__PROBLEM TO SOLVE__. From the first line to the last, print the material exactly, skipping the pictures.

__COLLECTED MATERIAL__.
—————

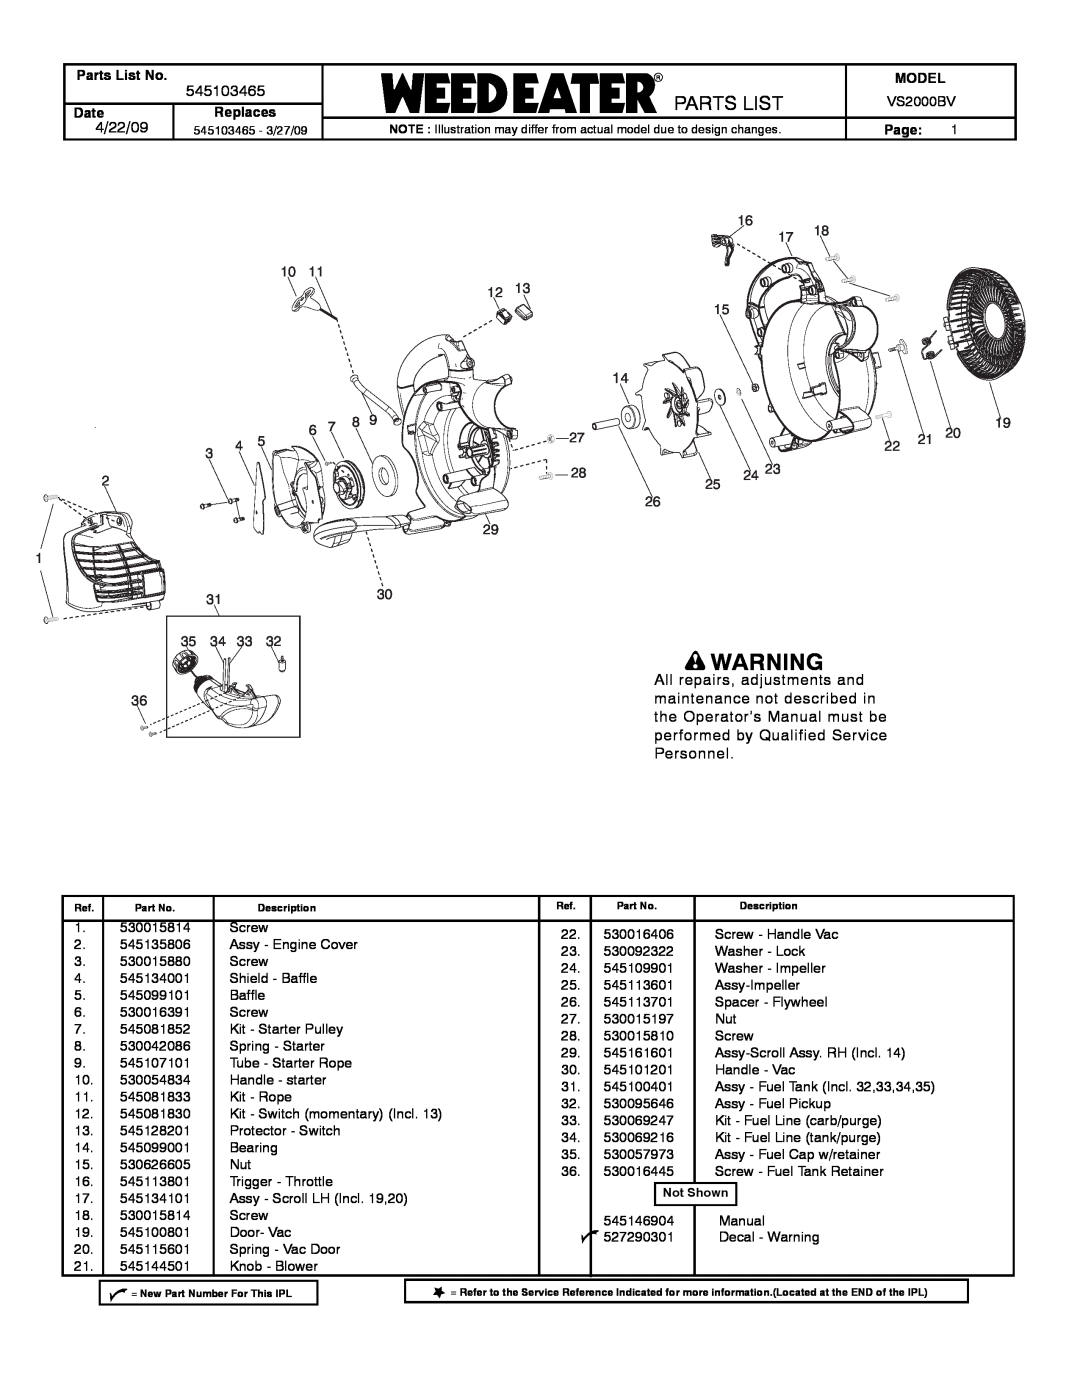 Poulan VS2000BV manual 545103465, Parts List No, DateReplaces, Model, Page 
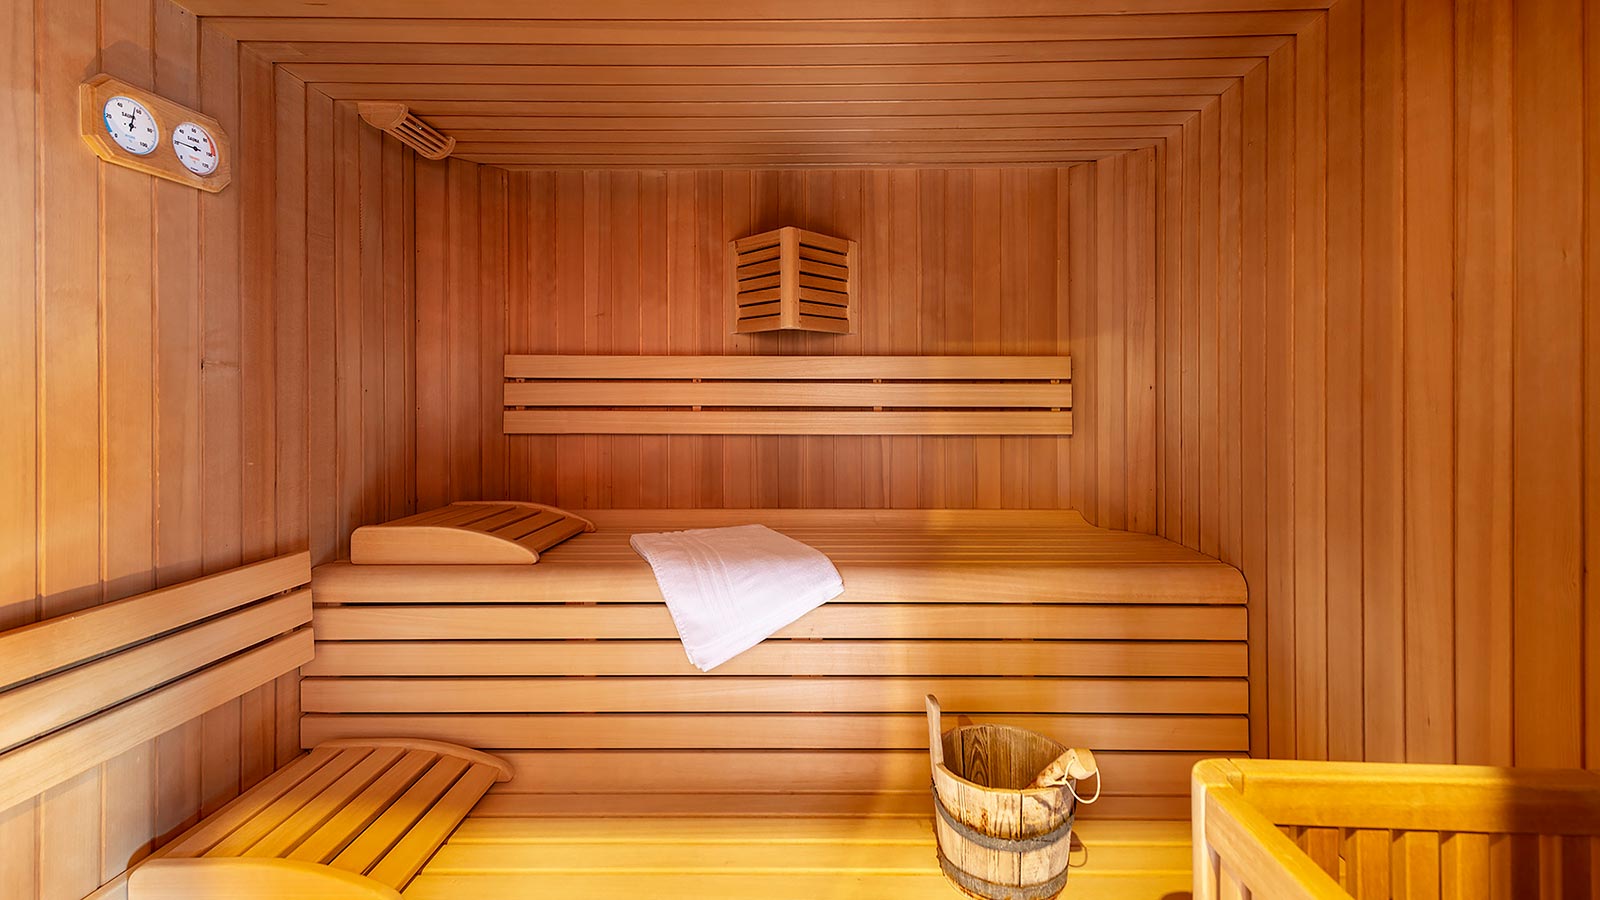 Dettaglio della sauna finlandese presso l'area benessere ad Andalo
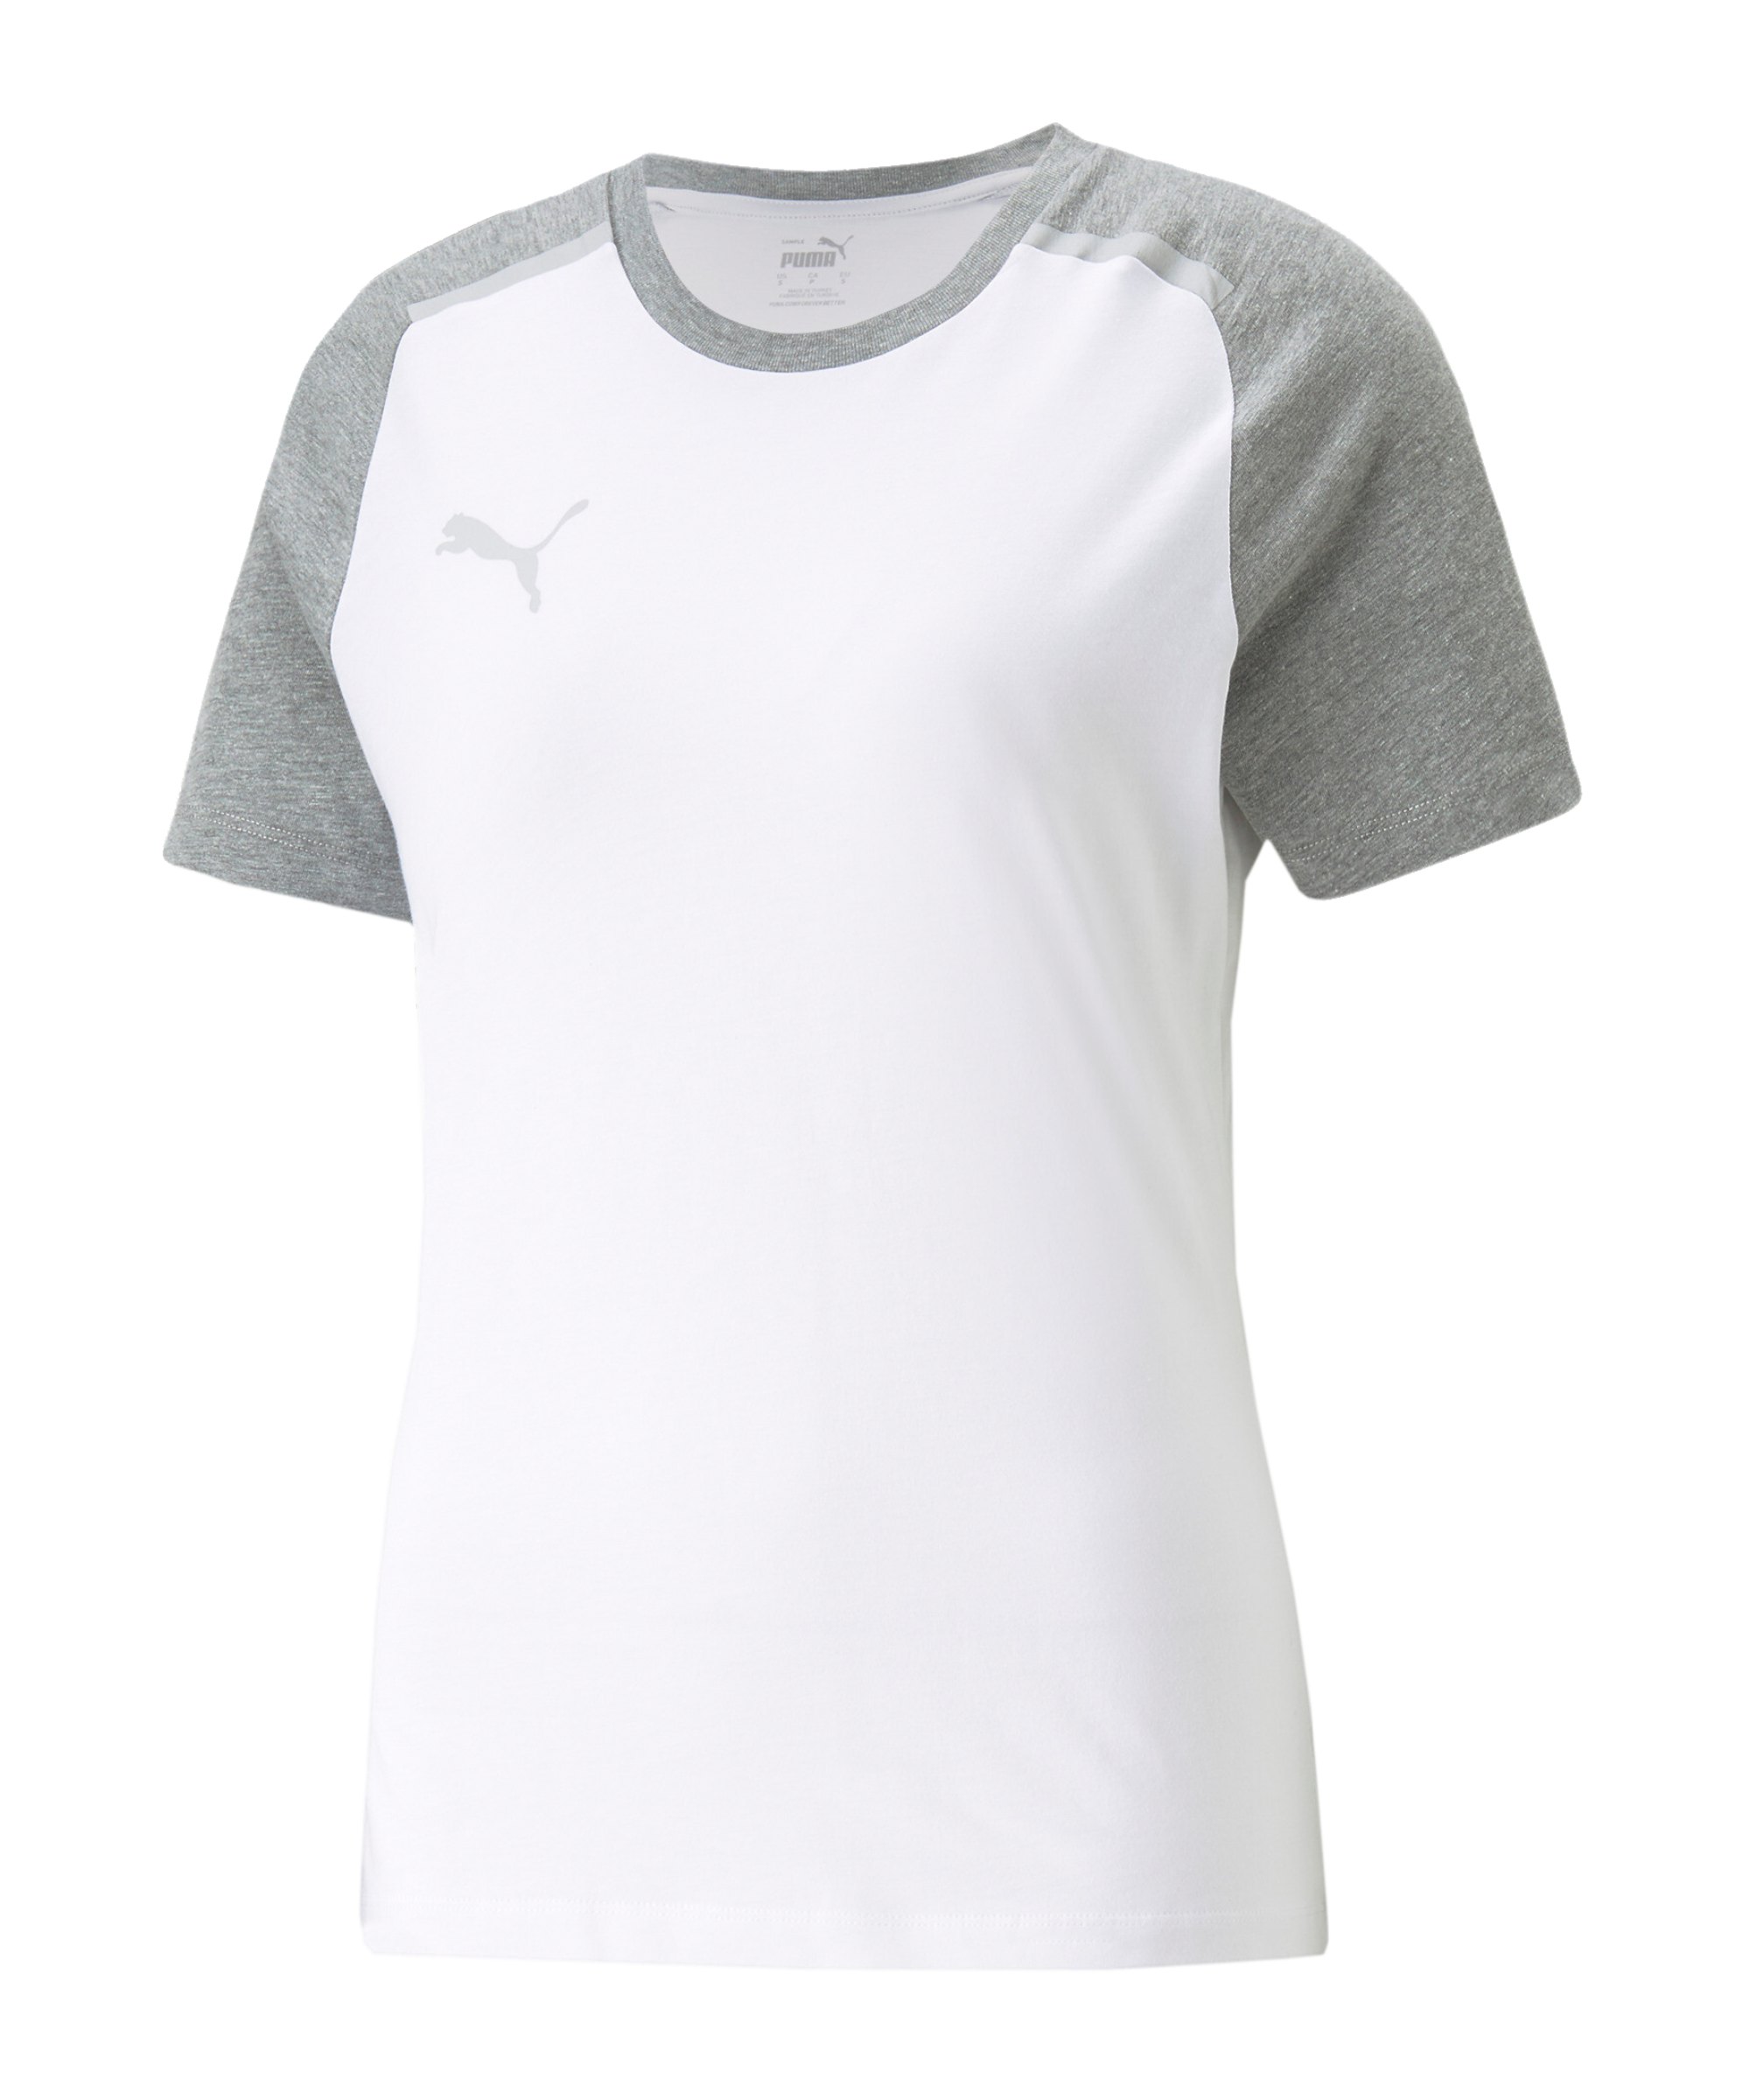 PUMA teamCUP weiss Damen Casuals F04 T-Shirt Weiss

—————

__WORKED SOLUTION__.
 Poulan VS2000BV manual 545103465, Parts List No, DateReplaces, Model, Page 
 Dettaglio della sauna finlandese presso l'area benessere ad Andalo
 PUMA teamCUP weiss Damen Casuals F04 T-Shirt Weiss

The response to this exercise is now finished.